Не понимать этого, значит не понимать основных идей метафизики. И пусть после этого мне не говорят, что мое название слишком узко. Только соединяясь с жестокостью, затвердевают вещи и формируются различные планы бытия. Благо лежит всегда на поверхности, а внутри всегда зло. Зло, которого со временем станет меньше – но только в тот высший миг, когда все, что было формой, снова будет готово возвратиться в хаос.
Письма о языке
Lettres sur le langage[144]
Письмо первое [145]Б[енжамену] К[ремьё]
Париж, 15 сентября 1931 г.
Мсье,
В статье о режиссуре театра вы утверждаете, что «считая режиссуру автономным искусством, мы рискуем совершить серьезную ошибку», и что «представление, зрелищная сторона драматического произведения, не должны быть совершенно независимы, подобно одинокому рыцарю». Более того вы говорите, что это само собой разумеющиеся истины. Вы тысячу раз правы, видя в режиссуре лишь второстепенное служебное искусство, и даже те, кто занимается им совершенно независимо, отрицают его глубокую оригинальность. До тех пор, пока режиссура в сознании самых независимых режиссеров остается просто способом презентации текста, дополнительным средством раскрытия смысла произведений, своего рода театральным посредником, не имеющим самостоятельного значения, она будет представлять ценность лишь в той мере, в какой ей удастся скрыться за теми самыми произведениями, которым она желает быть полезной. И это будет продолжаться до тех пор, пока главный интерес сценического произведения будет заключаться в тексте, пока в театре, искусстве представления, литература будет брать верх над представлением, по ошибке называемым спектаклем, во всем уничижительном, второсортном, эфемерном и поверхностном смысле подобного наименования.
Вот здесь, на мой взгляд, заключается само собой разумеющаяся истина: для того, чтобы возродить или хотя бы поддержать жизнь театра как автономного искусства, надо хорошенько прояснить, что же отличает его от текста, от чистого слова, от литературы, от всех прочих средств письма и фиксации.

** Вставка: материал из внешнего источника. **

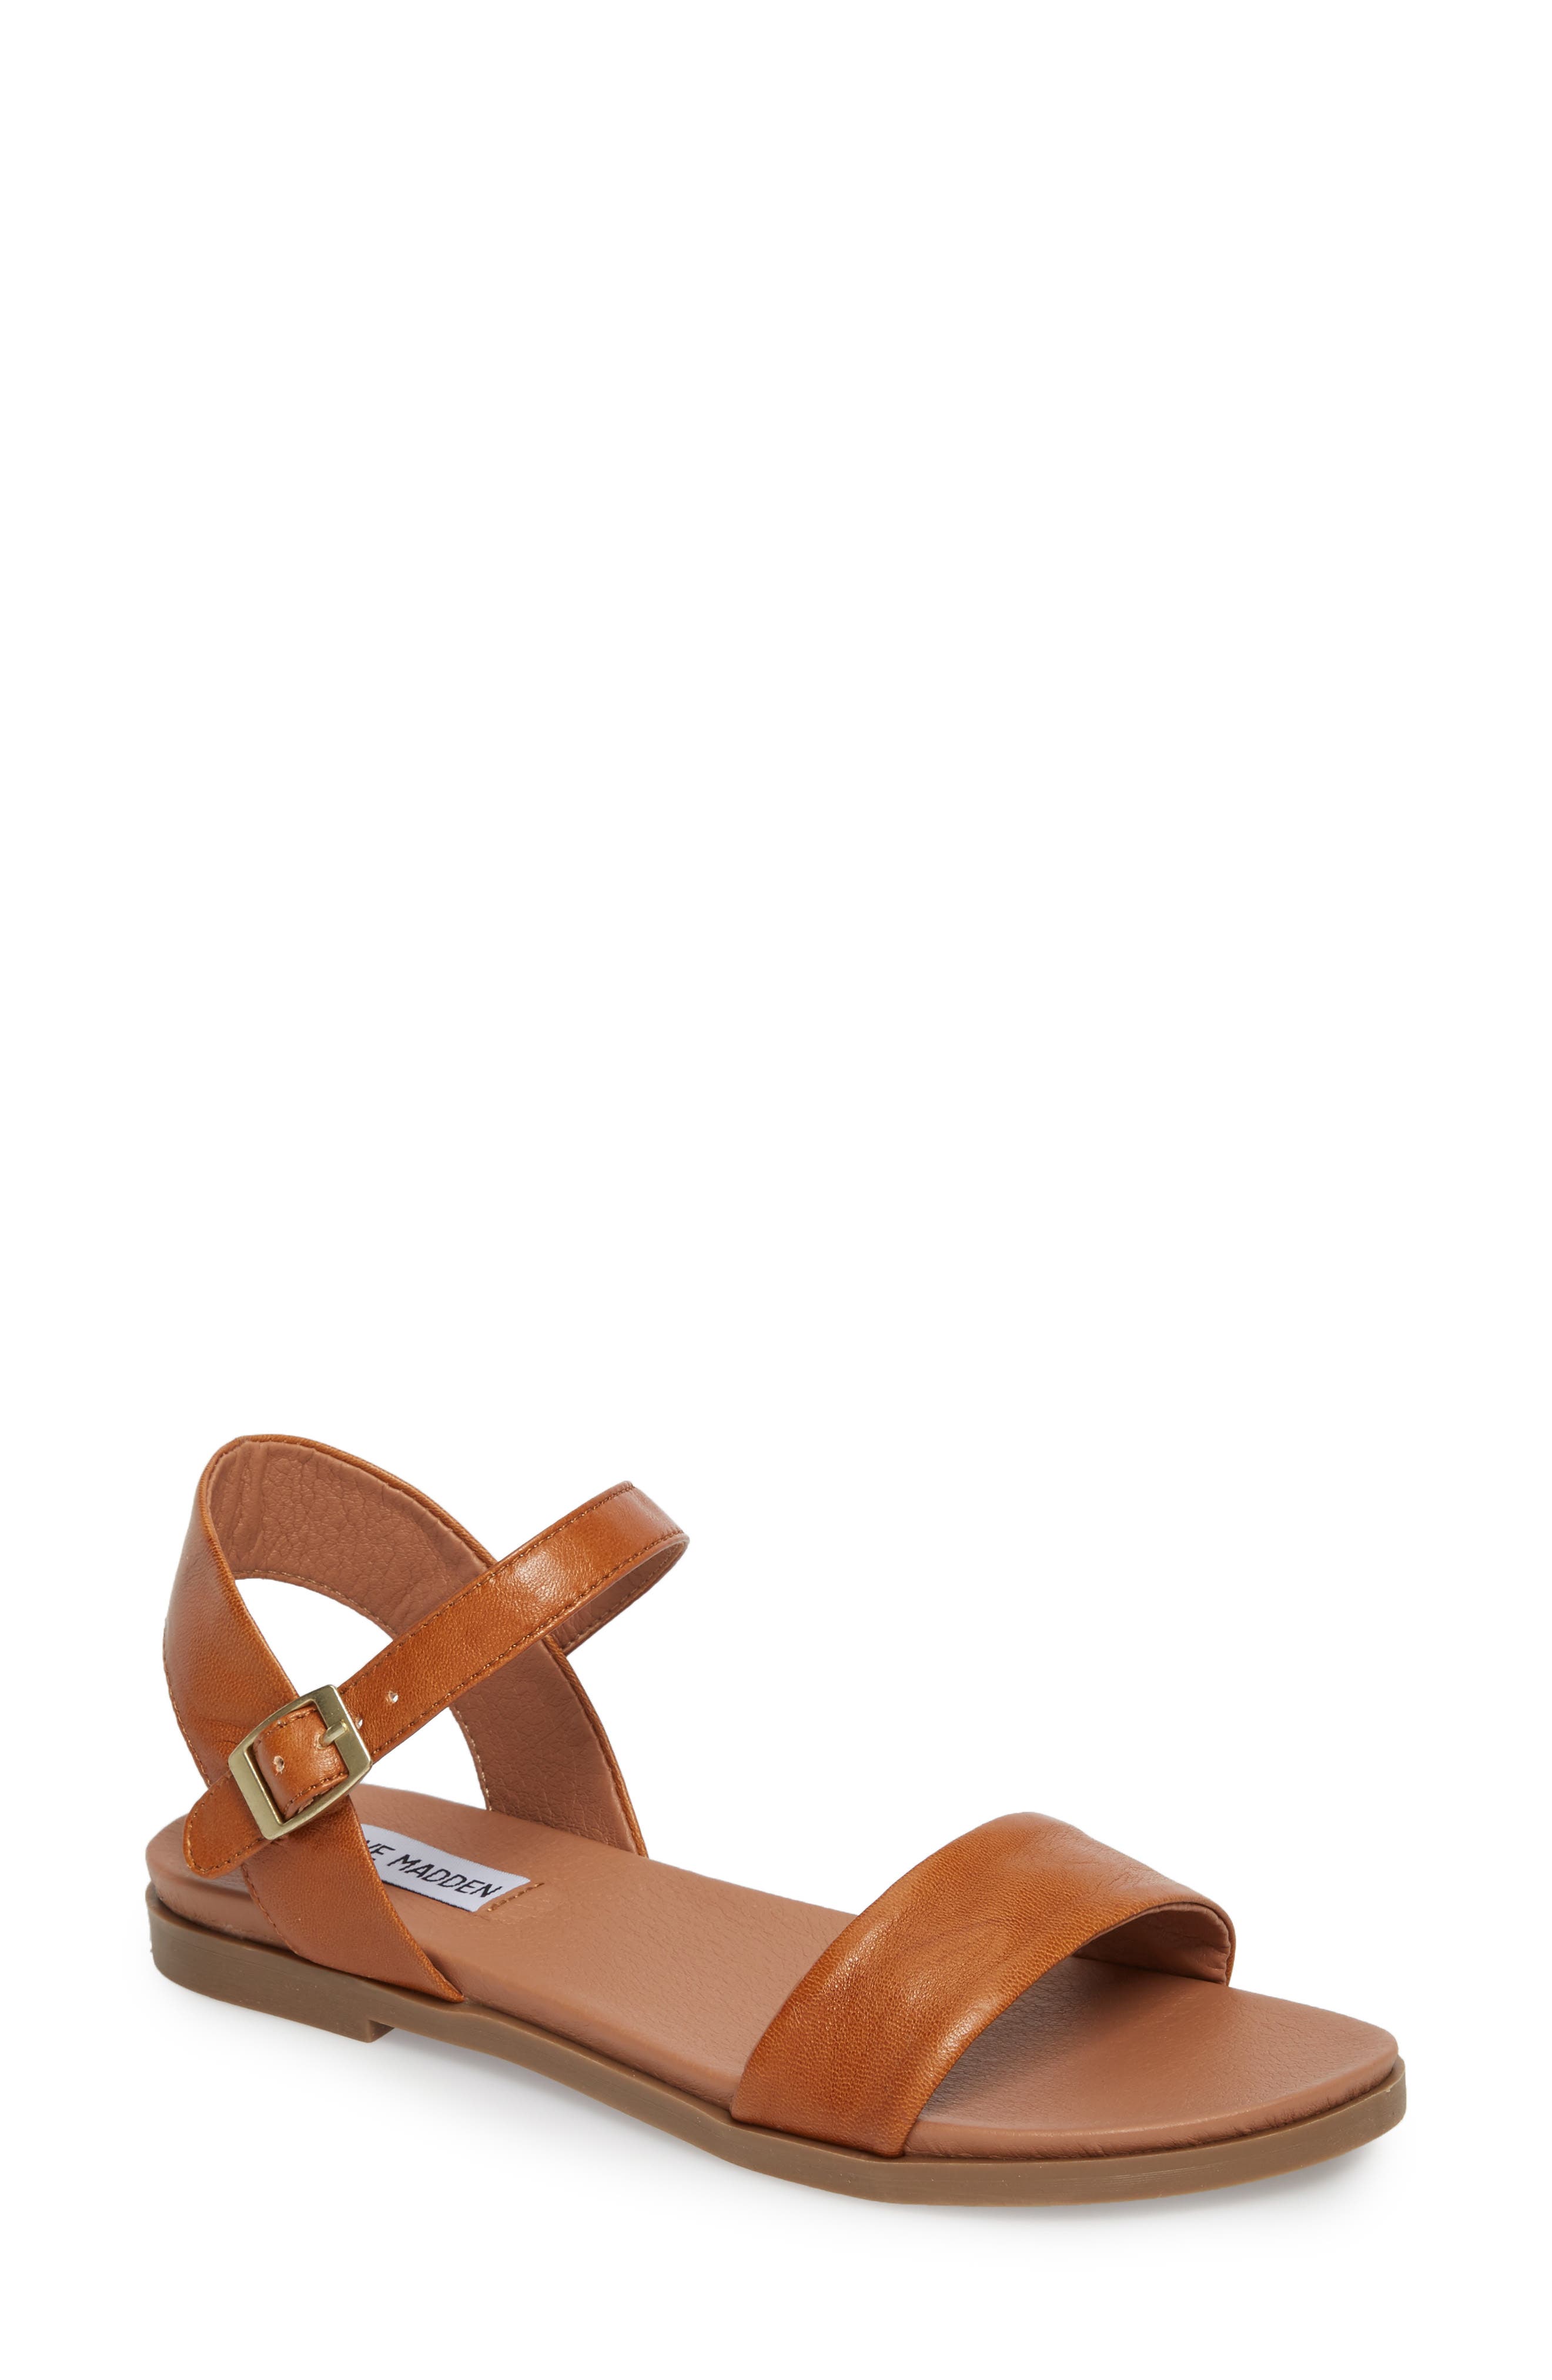 brown tan sandals

Можно по-прежнему считать, что театр строится на главенстве текста, все более избыточного, пространного и нудного, подчиняющего себе всю эстетику сцены.
Сама мысль о том, что надо рассадить персонажей на нескольких поставленных в ряд стульях или креслах и заставить рассказывать удивительные истории, может быть, еще не является абсолютным отрицанием театра, который ничуть не нуждается в движении, чтобы быть тем, чем он должен быть, – это, скорее, просто извращенная мысль.
В том, что театр стал делом преимущественно психологическим, интеллектуальной алхимией чувств и вершиной искусства, а в плане драматическом стал мыслиться как некий идеал тишины и неподвижности, – следует видеть лишь извращение на сцене идеи сосредоточения.
Сосредоточение в игре, которое применяют японцы наряду с прочими выразительными средствами, имеет значение только как одно из средств наравне с другими. Увидеть в этом цель сцены, значит отказаться от пользования сценой, уподобить себя человеку, который захотел построить пирамиды, чтобы поместить туда труп фараона, но, увидев, что труп фараона вполне помещается в склепе, удовольствовался бы склепом и приказал бы их взорвать.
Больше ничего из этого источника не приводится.